The Specification Spectrum: Narrowing the Guesswork

If natural language prompts are inherently under-specified, how do we constrain the "guess" of an AI agent? It requires moving beyond simple unit tests, which only check the exact conditions a human engineer thought to write down. Instead, we must look at a spectrum of verification rigor.

BL Dr. Ben Livshits #languages #correctness #verification June 18, 2026

01 Generation is Easy, Knowing What to Build is Hard

The paradigm of software engineering is undergoing a tectonic shift. In a recent podcast discussion, Michael Truell — CEO of Anysphere, the company behind Cursor — articulated a fundamental friction point in the move from autocomplete toward capturing developer intent: the problem of under-specification. When developers write natural language prompts, the underlying LLM—paired with a CLI or IDE harness or an agentic setup—is effectively forced to guess the developer's intent. Sometimes the guess is brilliant; other times, it completely misses the mark.

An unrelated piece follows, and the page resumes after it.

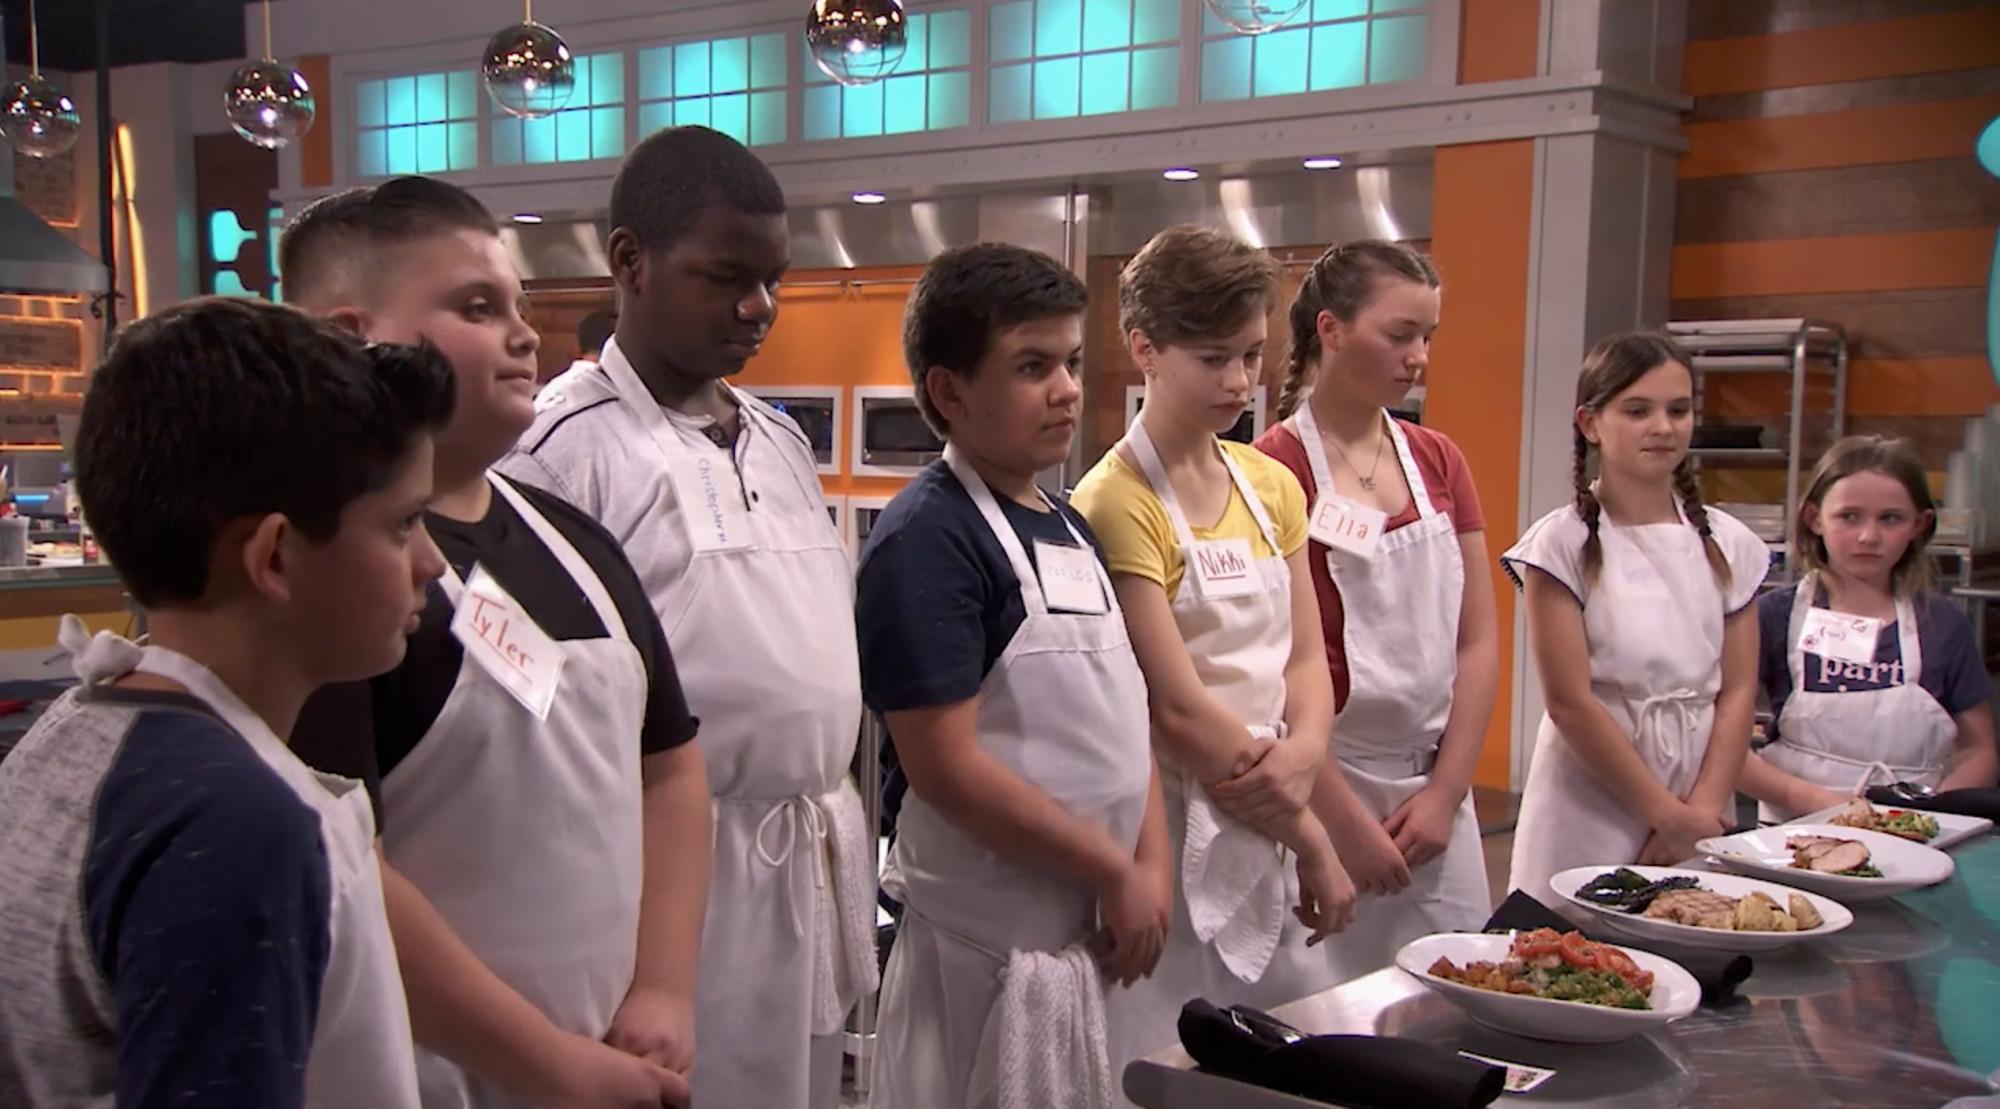 Top Chef Junior season 2 Making the Cut screen grab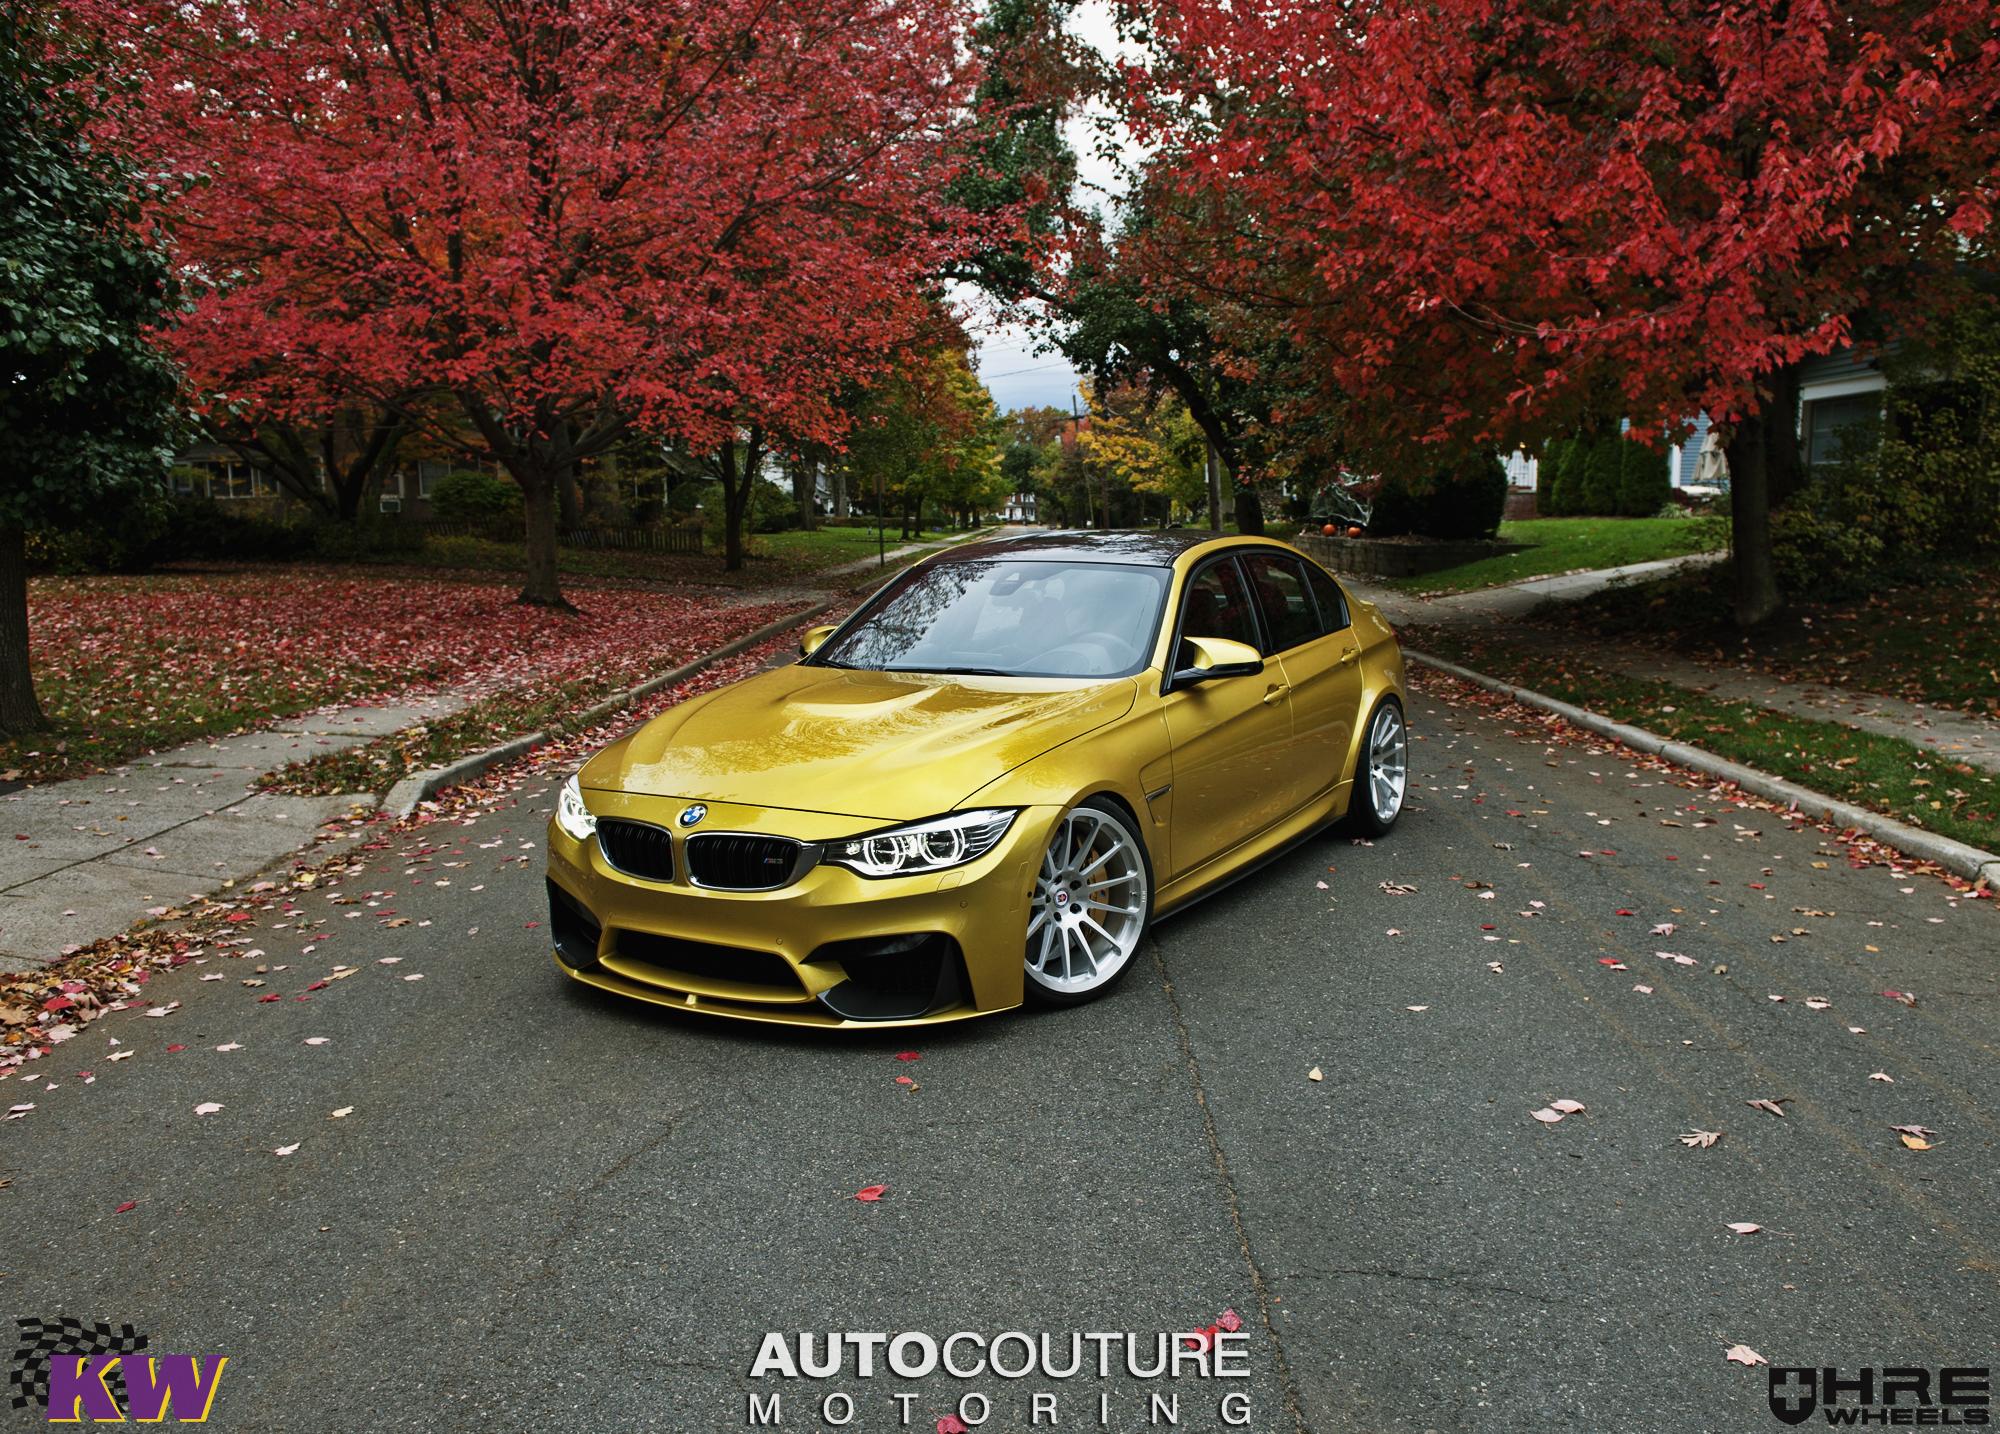 Bmw F80 M3 Shows Its Autumn Colors On Hre Classic Wheels Autoevolution

While many researchers and some engineers find this probabilistic guesswork deeply unsatisfying, it uncovers a profound truth: traditional programming has always been built on a foundation of under-specification. When you pull a third-party library via a package manager or integrate an external API, you rarely audit the thousands of lines of underlying code. Instead, you rely on a sparse README, a few function signatures, and a massive stack of unwritten assumptions. Moreover, the library you started with can be updated within hours or days, violating even the implicit assumptions of the developer.

In conventional programming, the human engineer is guessing how the library behaves; in the AI era, the machine is guessing what the human wants. It is the same fundamental problem, just inverted.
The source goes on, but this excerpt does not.